Plaintiff's evidence and allegations are further sufficient at this stage to support their contention that the RCC and offsite business defendants engaged in a common or uniform policy with regard to the putative collective action members. There is no requirement that plaintiffs be able to show that the offsite businesses engaged in an employment relationship with the RCC defendants in bad faith or with the intent to avoid FLSA obligations. Salinas, 848 F.3d at 145. Plaintiffs have alleged and provided evidence of a common policy as between the offsite business and the RCC defendants in which the RCC defendants supplied individuals who would perform work for a wage at the offsite business. This is sufficient to conditionally certify the collective action.
Accordingly, the Court has determined that plaintiffs have satisfied their step one burden and that notice pursuant to 29 U.S.C. § 216(b) should issue.
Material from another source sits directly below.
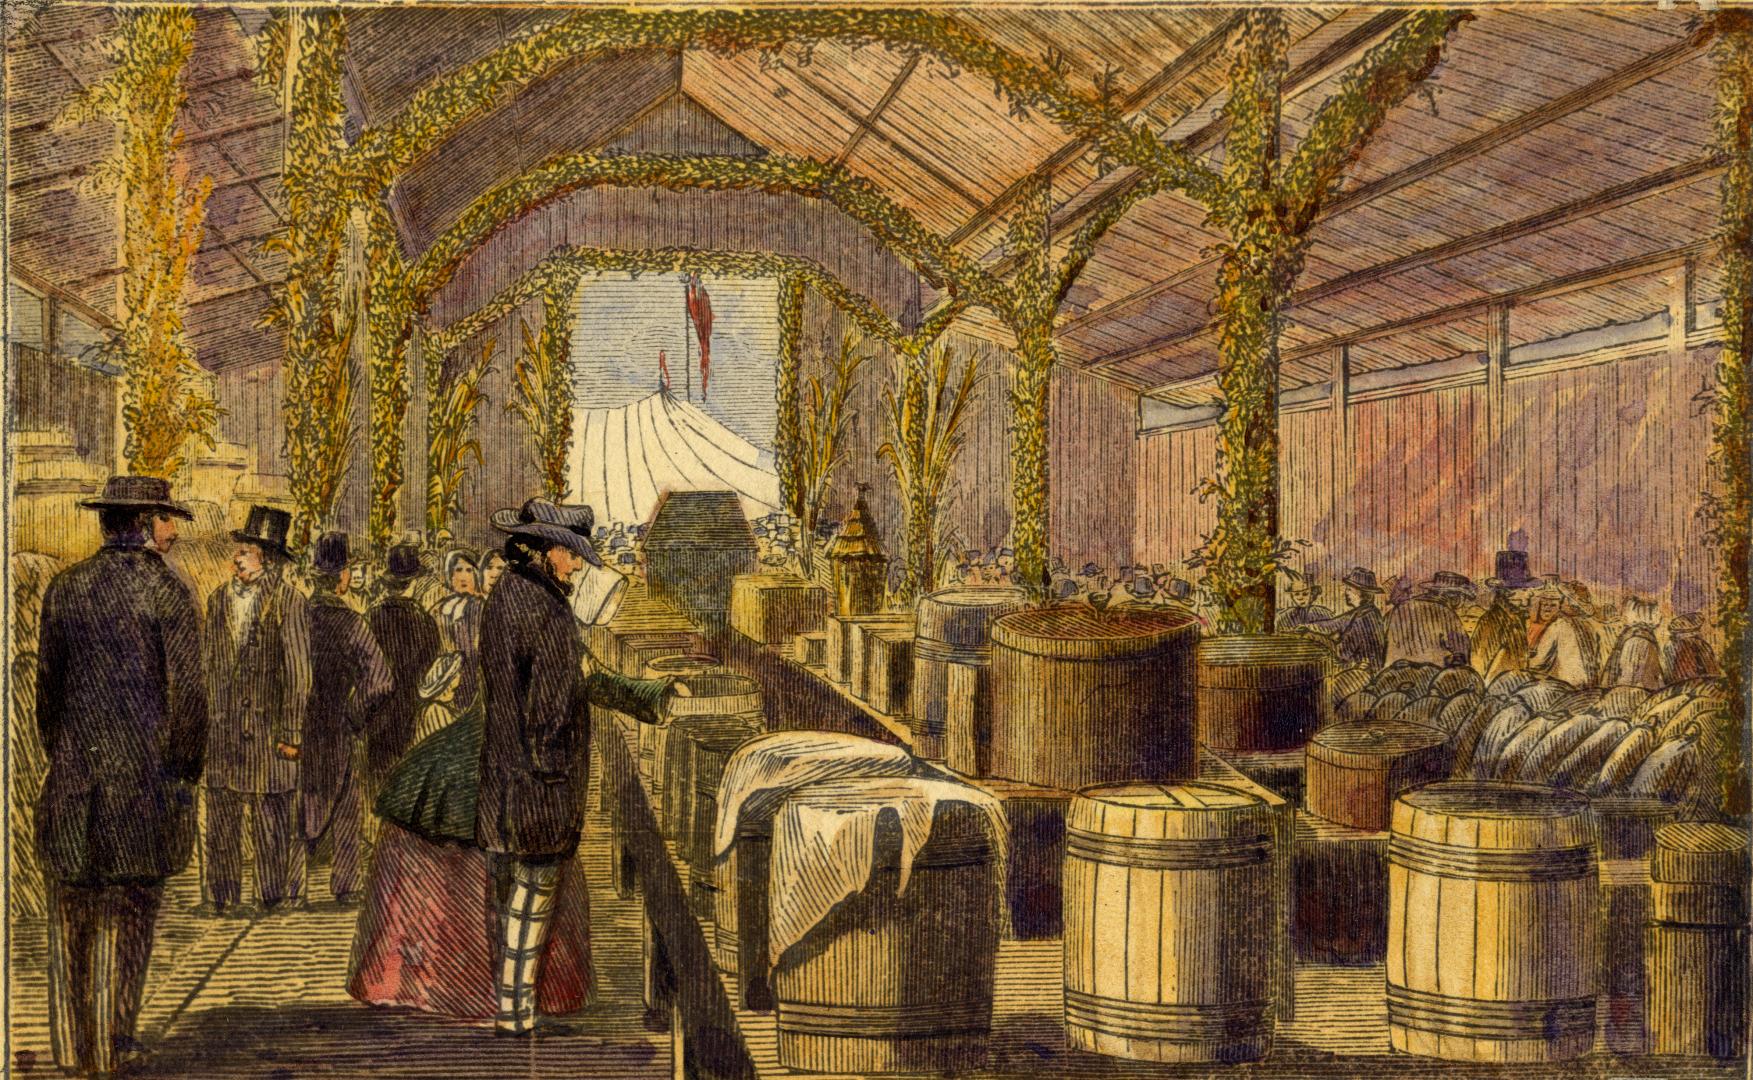 Provincial Exhibition (1852), University Avenue, west side, between (approx
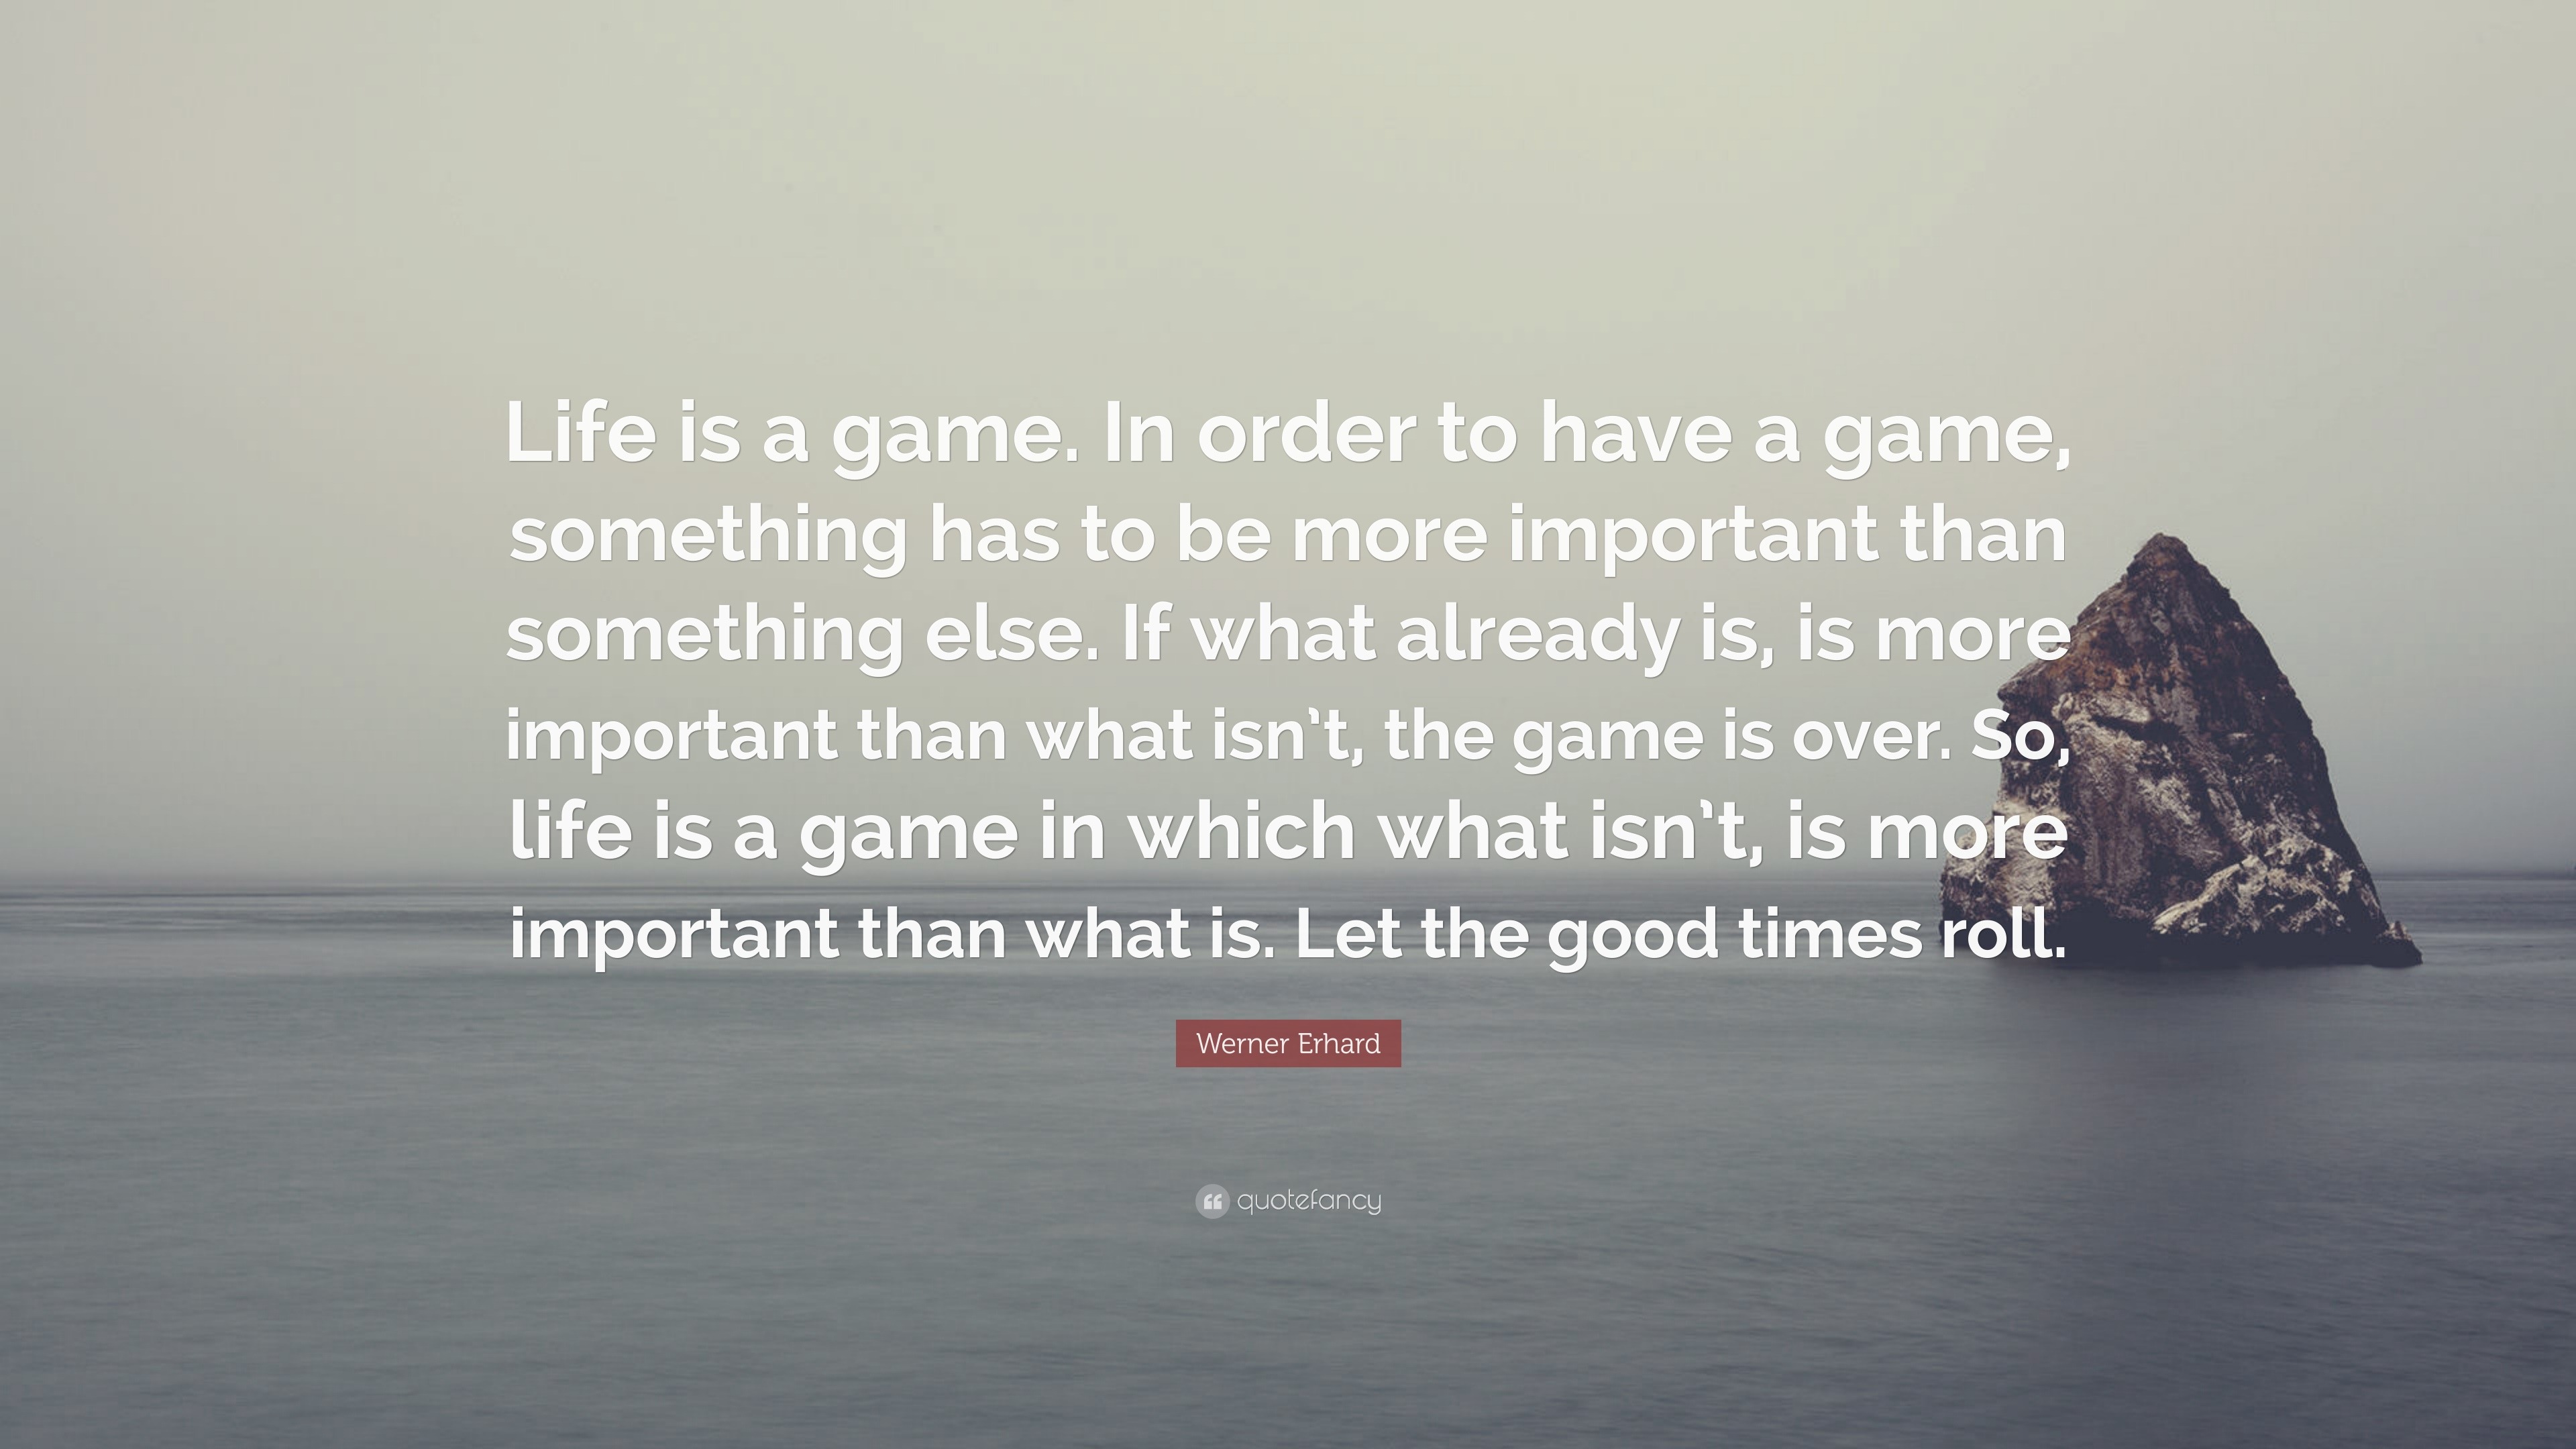 Werner Erhard Quote Life Is A Game In Order To Have A Game Something Has To Be More Important Than Something Else If What Already Is Is

The responding defendants have not contested the specific elements plaintiffs' proposed notice and distribution plan. The adult care home defendants requested an opportunity to file specific objections to the proposed notice and plan should the Court decide to conditionally certify the collective action, but the Court has independently considered and approved plaintiffs' proposed notice and distribution plan. --------
CONCLUSION
Plaintiffs' motion for Court-authorized notice pursuant to 29 U.S.C. § 216(b) [DE 53] is GRANTED. The collective action is conditionally certified and notice is hereby authorized to individuals who participated in the Recovery Connections Community at any time between September 27, 2015, and the date of final judgment in this action. Defendants are hereby ORDERED to produce a computer readable list of the names, last known mailing addresses, last known telephone numbers, last known email addresses, dates of work, and work locations for all current and former program participants who work or have worked for RCC and any other defendant since September 27, 2015, and the last four digits of the social security numbers for collective members whose notices are returned as undeliverable. Plaintiffs shall distribute their proposed notice, consent to join form, and reminder in accordance with the notice plan described in their memorandum in support of the motion for Court-authorized notice pursuant to 29 U.S.C. § 216(b). SO ORDERED, this 10 day of July, 2019.